Processing large aggregations in RavenDB

time to read 3 min | 541 words

One of the distinguishing feature of RavenDB is its ability to process large aggregations very quickly. You can ask questions on very large data sets and get the results in milliseconds. This is interesting, because RavenDB isn’t an OLAP database and the kind of questions that we ask can be quite complex.

For example, we have the Products/Recommendations index, which allow us to ask:

For any particular product, find me how many times it was sold, what other products were sold with it and in what frequency.

The index to manage this is here:

The way it works, we map the orders and have a projection for each product, and then we add the other products that were sold with the current one. In the reduce, we group by the product and aggregate the related products together.

But I’m not here to talk about the recommendation engine. I wanted to explain how RavenDB process such indexes. All the information that I’m talking about can be seen in the Map/Reduce visualizer in the RavenDB Studio.

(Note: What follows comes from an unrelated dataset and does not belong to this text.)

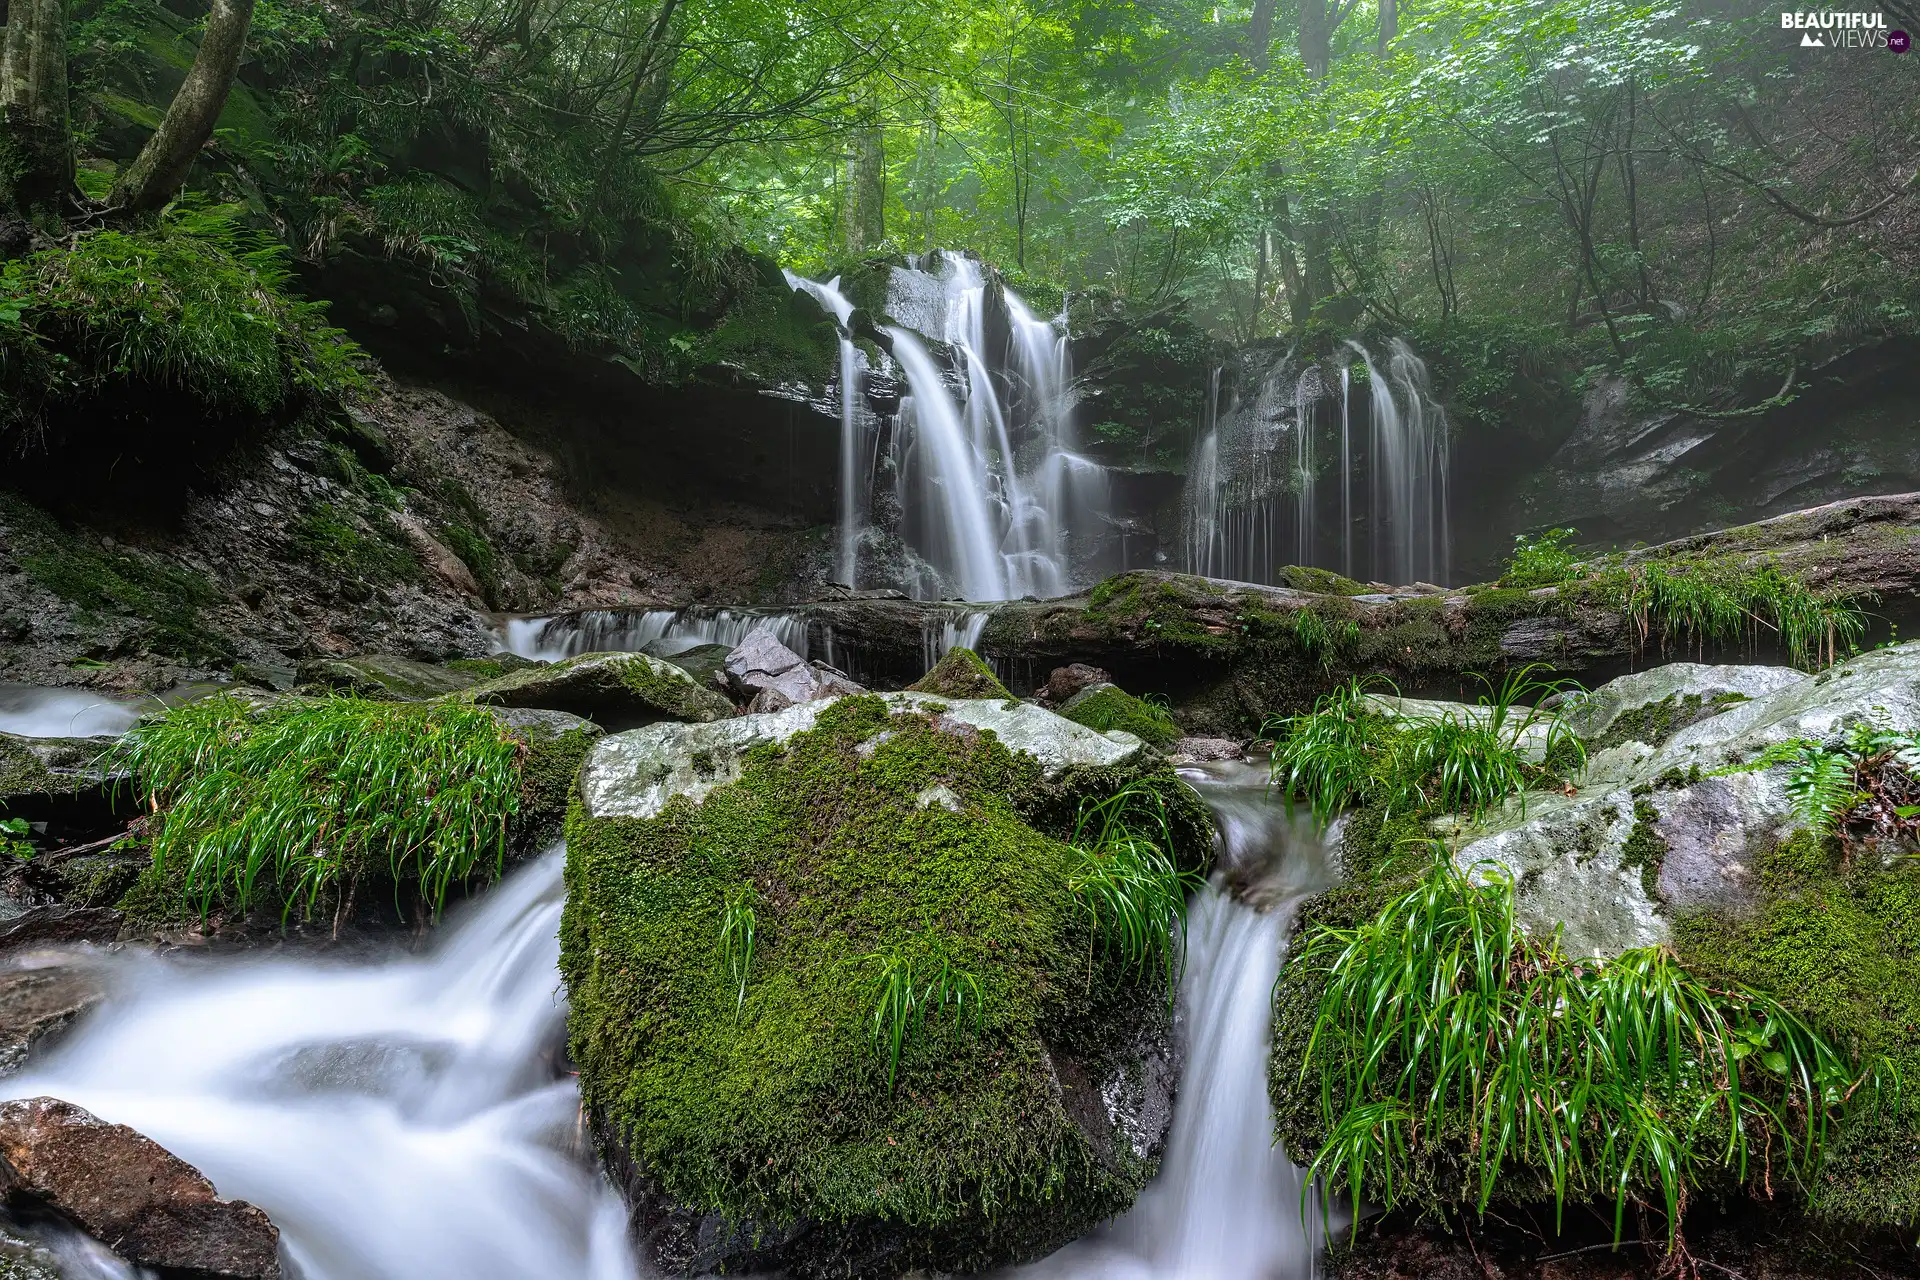 mossy, Stones, forest, VEGETATION, waterfall

Here is a single entry for this index. You can see that products/11-A was sold 544 times and 108 times with products/69-A.

image

Because of the way RavenDB process Map/Reduce indexes, when we query, we run over the already precomputed results and there is very little computation cost at querying time.

Let see how RavenDB builds the index. Here is a single order, where three products were sold. You can see that each of them as a very interesting tree structure.

image

Here is how it looks like when we zoom into a particular product. You can see how RavenDB aggregate the data. First in the bottom most page on the right (#596). We aggregate that with the other 367 pages and get intermediate results at page #1410. We then aggregate that again with the intermediate results in page #105127 to get the final tall. In this case, you can see that products/11-A was sold 217,638 times and mostly with products/16-A (30,603 times) and products/72-A (20,603 times).

image

When we have a new order, all we need to do is update a bottom most page and then recurse upward in the three. In the case we have here, there is a pretty big reduce value and we are dealing with tens of millions of orders. We have three levels to the tree, which means that we’ll need to do three update operations to account for new or updated data. That is cheap, because it means that we have to do very little work to maintain the index.

At query time, of course, we don’t really have to do much, all the hard work was done.

I like this example, because it shows case a non trivial example and how RavenDB handles this with ease. These kind of non trivial work is something that tend to be very hard to get working properly and with RavenDB this is part of my default: “let’s do this on the fly demo”.